Records provided section start

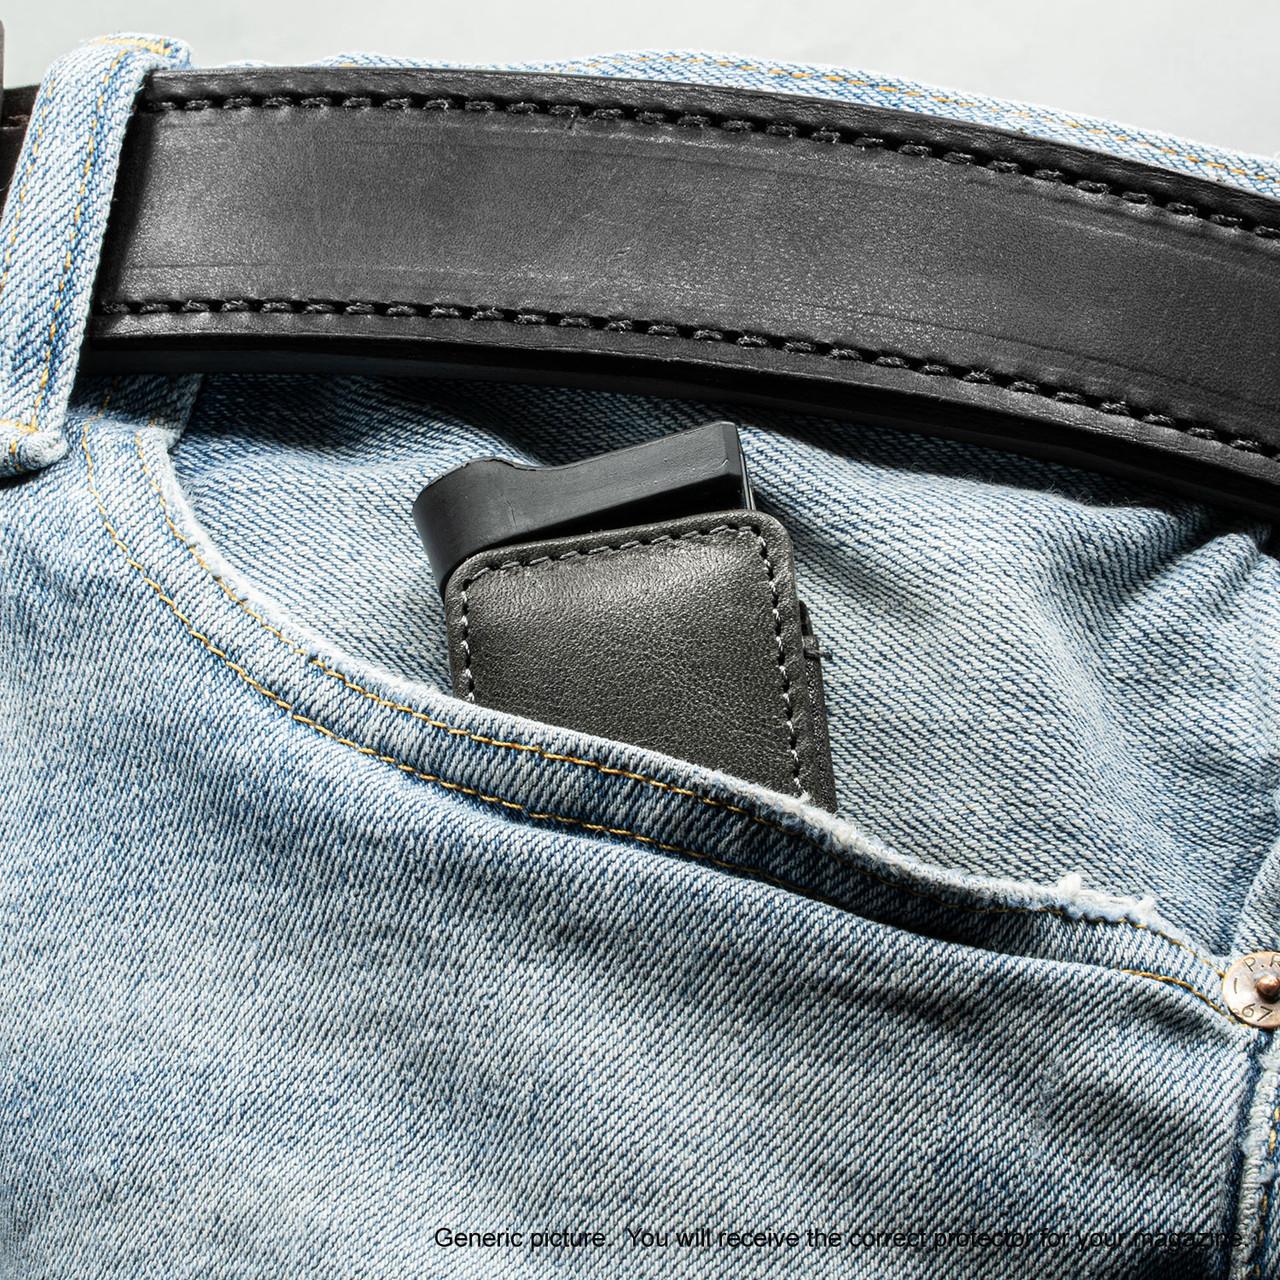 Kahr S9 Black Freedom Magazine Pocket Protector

Records provided section end
Records provided section start

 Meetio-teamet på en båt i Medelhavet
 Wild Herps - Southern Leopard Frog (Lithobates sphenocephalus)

Records provided section end

- Assigned task
In the data above, find the line that contains "Meetio-teamet på en båt i Medelhavet" and the line that contains "Wild Herps - Southern". Repeat exactly those lines and every line between them, and only those.

- Problem solution
 Meetio-teamet på en båt i Medelhavet
 Wild Herps - Southern Leopard Frog (Lithobates sphenocephalus)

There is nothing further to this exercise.